** TO DO **
Exactly the lines from the one containing "1985 Thierry Mugler" through the one containing "uxcell Uxcell Pneumatic" in the listing below are to be copied, with the pictures left out.

** SUPPLIED RECORDS **
....
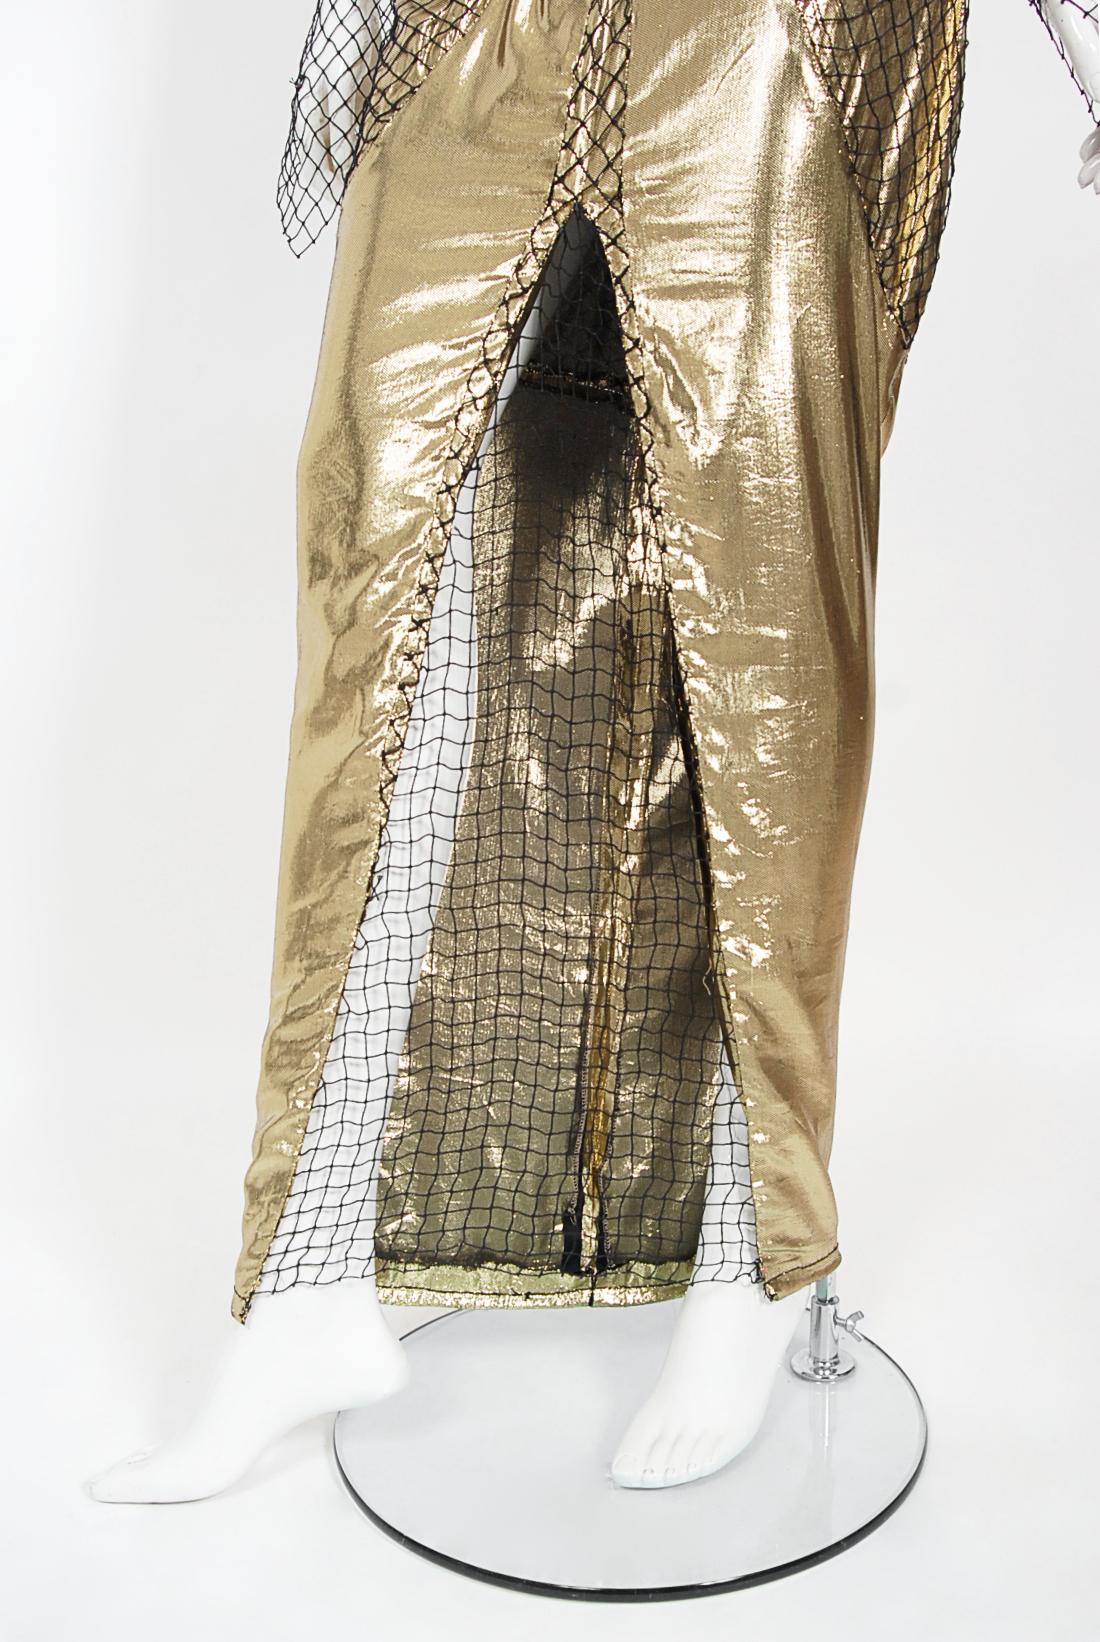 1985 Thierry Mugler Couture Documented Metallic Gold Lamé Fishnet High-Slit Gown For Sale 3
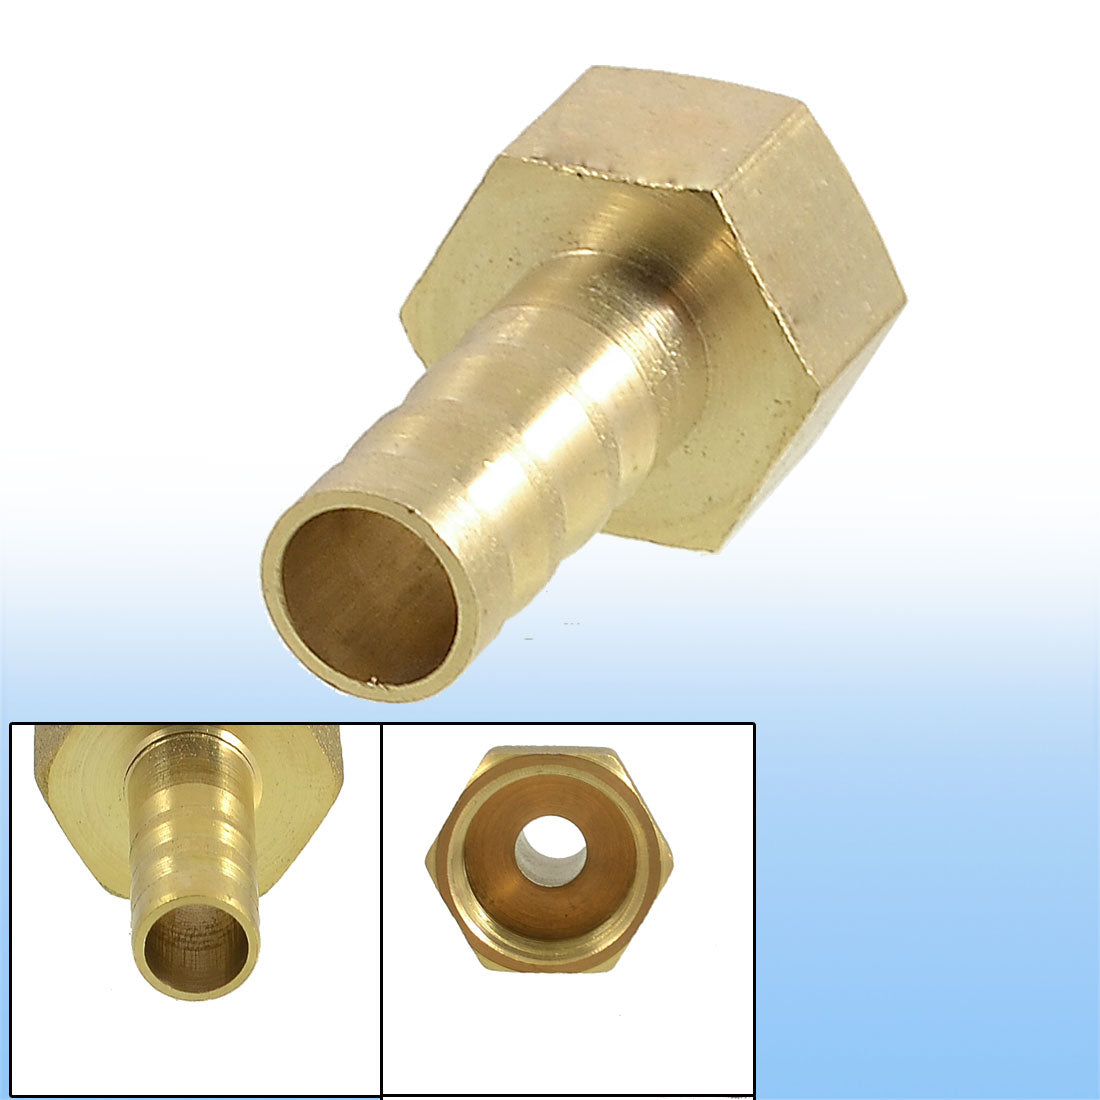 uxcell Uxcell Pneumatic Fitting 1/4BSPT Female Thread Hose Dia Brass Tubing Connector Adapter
....
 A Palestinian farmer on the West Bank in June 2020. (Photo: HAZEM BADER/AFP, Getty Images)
....
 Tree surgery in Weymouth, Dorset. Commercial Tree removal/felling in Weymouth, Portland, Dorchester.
....
** ANSWER AREA **
 1985 Thierry Mugler Couture Documented Metallic Gold Lamé Fishnet High-Slit Gown For Sale 3
 uxcell Uxcell Pneumatic Fitting 1/4BSPT Female Thread Hose Dia Brass Tubing Connector Adapter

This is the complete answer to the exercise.